Ultimately, the insights generated will help Waze leadership optimize the company’s retention strategy, enhance user experience, and make data-driven decisions about product development.

This is **Part 3** of the project.

## 3. Hypothesis testing and confidence intervals

**The purpose** of this notebook is to perform a two-sample hypothesis test and compute the corresponding confidence interval to determine whether there is a statistically significant difference in the **mean number of rides** and **churn rates** between iPhone and Android users.

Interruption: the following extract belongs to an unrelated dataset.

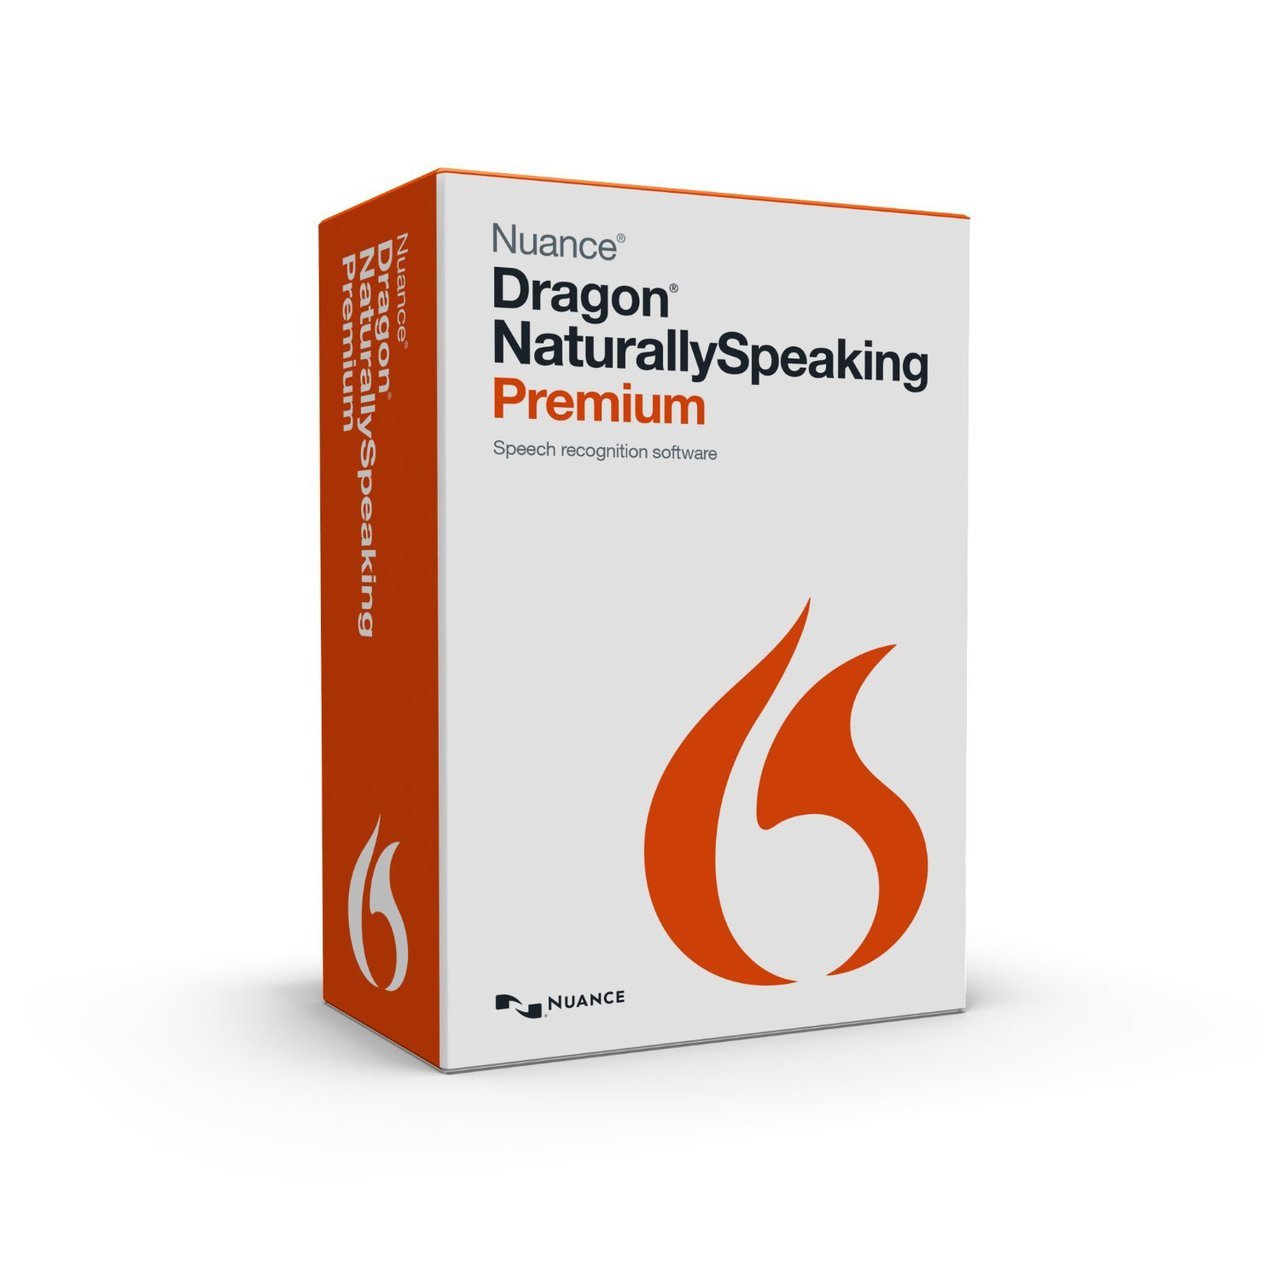 Dragon naturallyspeaking user manual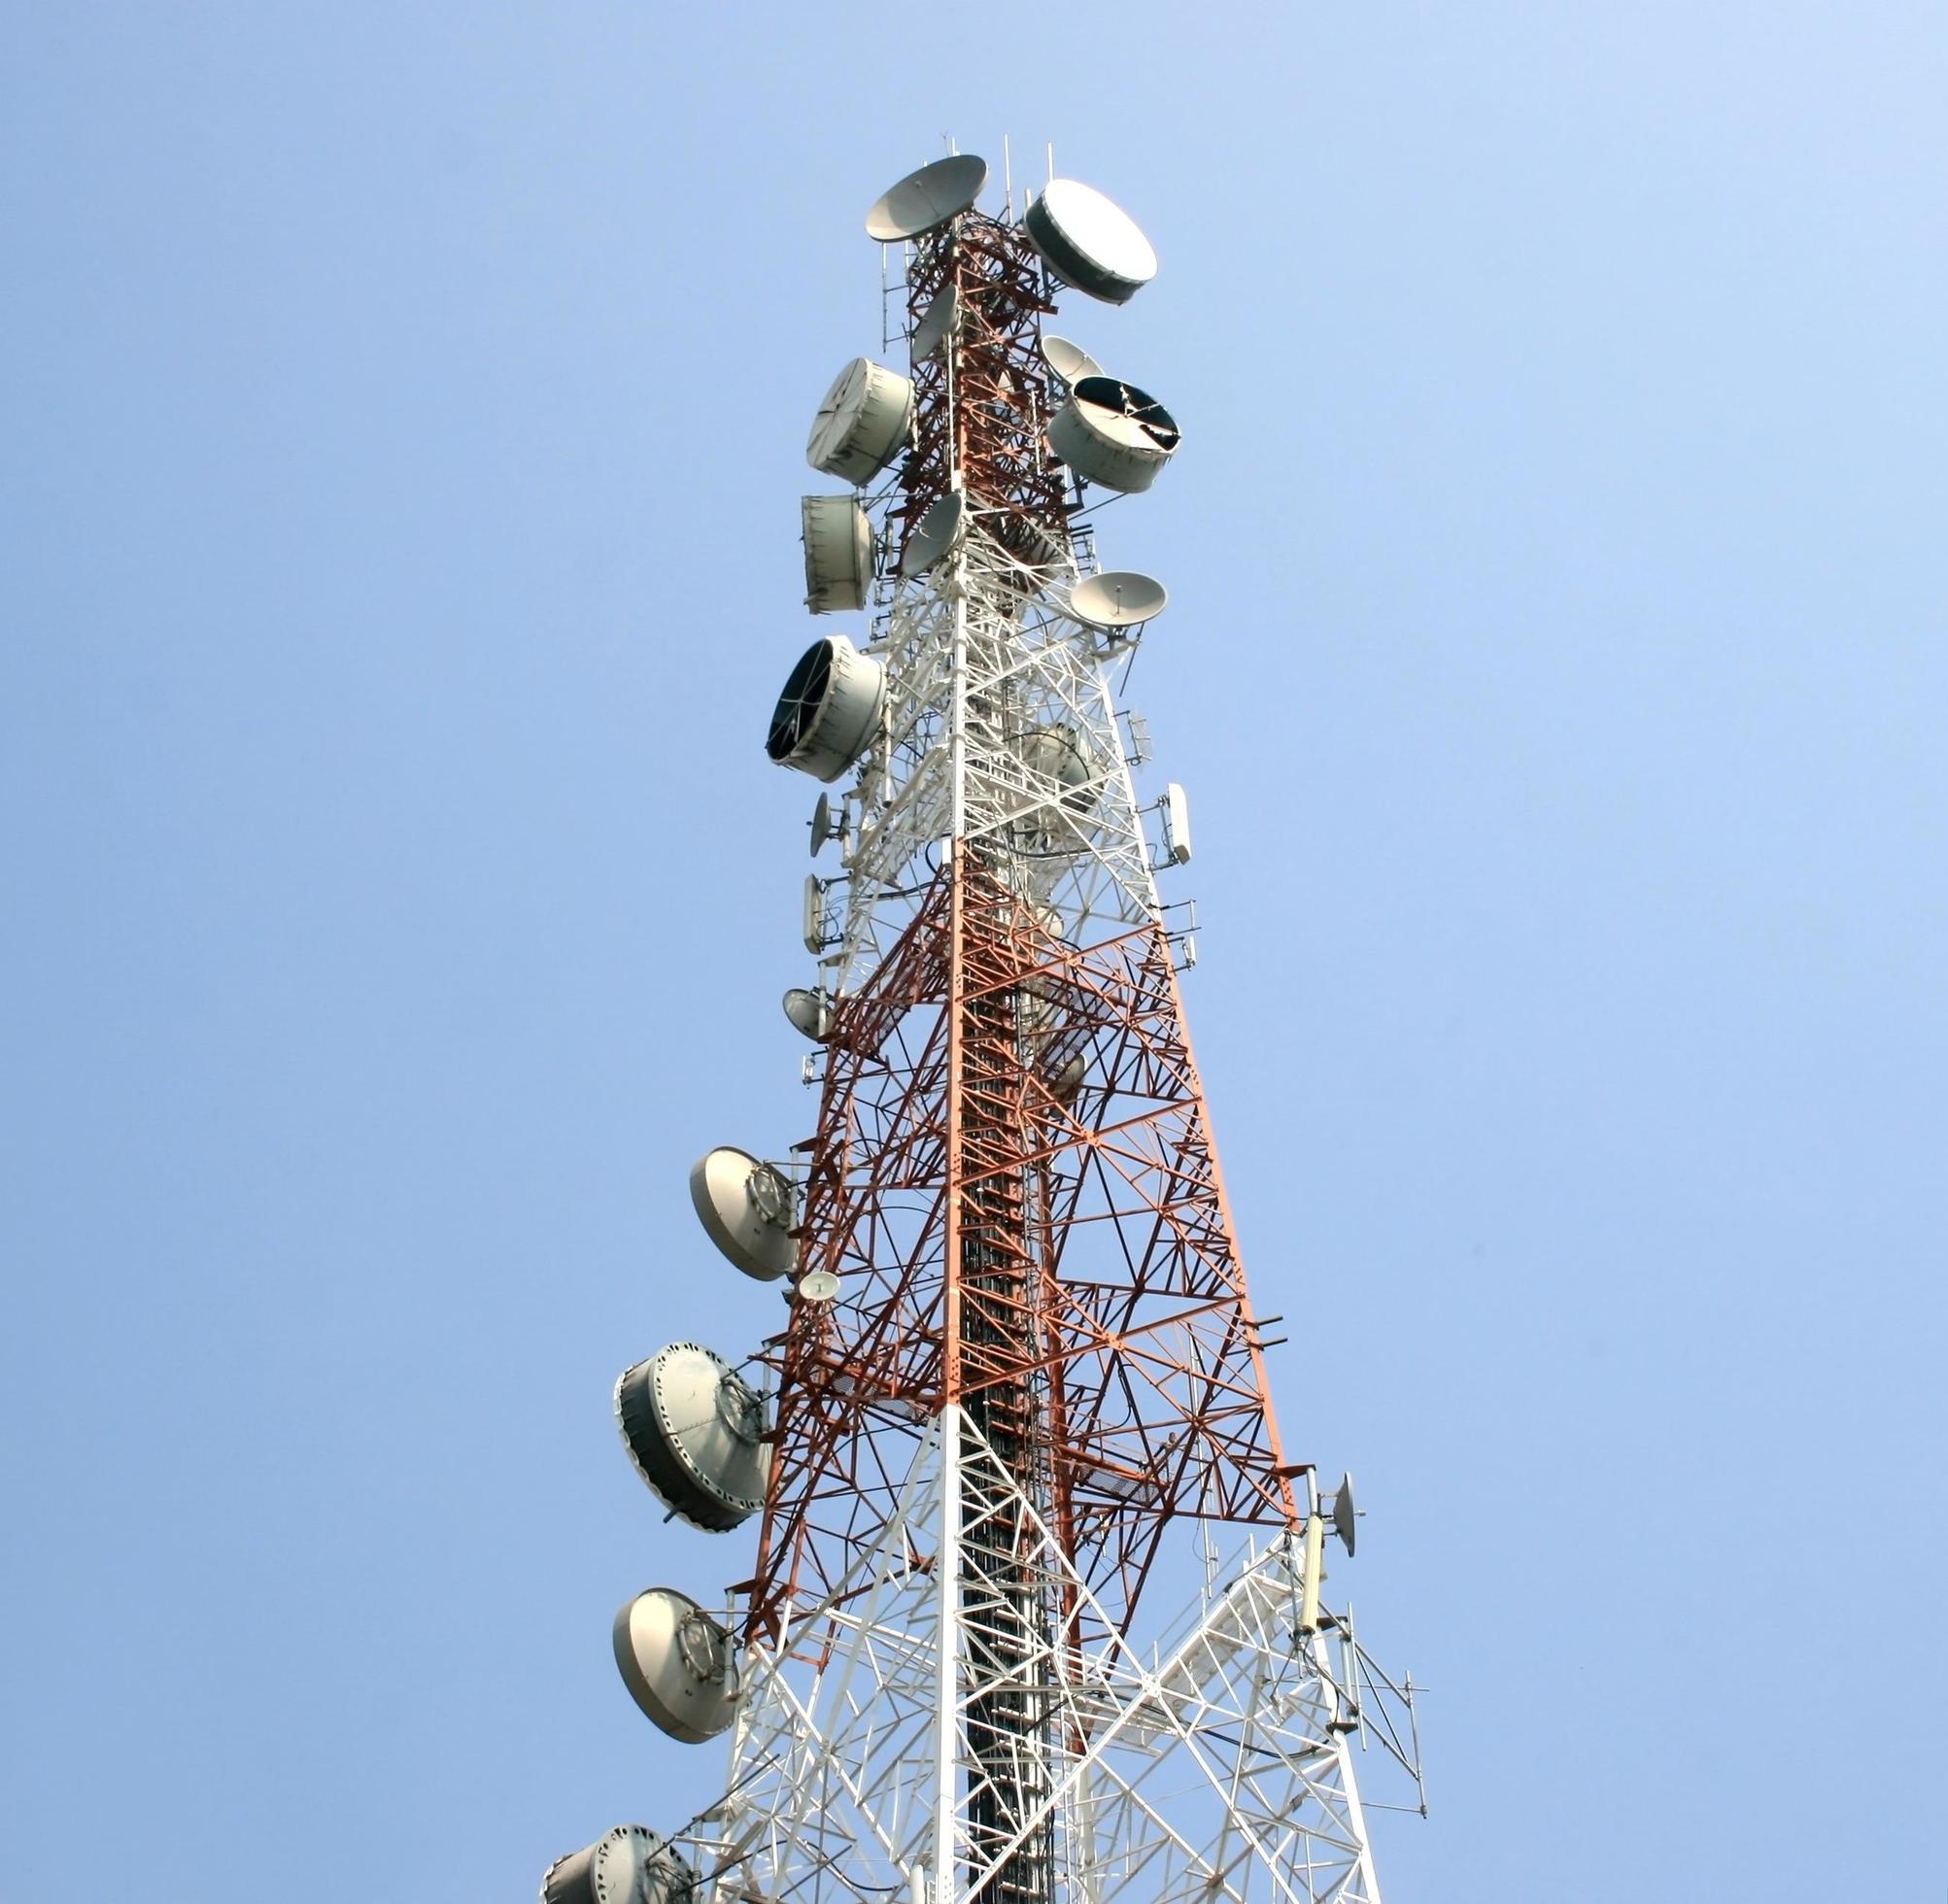 Antenne radio de télécommunication et tour satellite avec ciel

**The goal** is to apply descriptive statistics along with inferential methods—hypothesis testing and confidence intervals—to draw meaningful conclusions from the data.

### 3a. Imports and data loading

In [1]:
import pandas as pd
import numpy as np
from scipy import stats
from statsmodels.stats.proportion import proportions_ztest
from statsmodels.stats.proportion import proportions_ztest, confint_proportions_2indep

In [2]:
# Load dataset into dataframe
df = pd.read_csv('waze_dataset.csv')

### 3b. Descriptive statistics

**Note:** In the dataset, `device` is a categorical variable with the labels `iPhone` and `Android`.

In [3]:
df.groupby('device')['drives'].mean().sort_values(ascending=False)

device
iPhone     67.859078
Android    66.231838
Name: drives, dtype: float64

Based on the averages shown, it appears that drivers who use an iPhone device to interact with the application have a higher number of drives on average. However, this difference might arise from random sampling, rather than being a true difference in the number of drives. To assess whether the difference is statistically significant, we can conduct a two-sample t-test.

In [4]:
df.groupby('device')['label'].value_counts(normalize=True)

device   label   
Android  retained    0.824399
         churned     0.175601
iPhone   retained    0.821680
         churned     0.178320
Name: proportion, dtype: float64

The proportions show similar retention across devices (≈82% retained, ≈18% churned). iPhone users have a slightly higher churn rate, but this small difference may be due to chance. A two-proportion z-test can confirm if it is statistically significant.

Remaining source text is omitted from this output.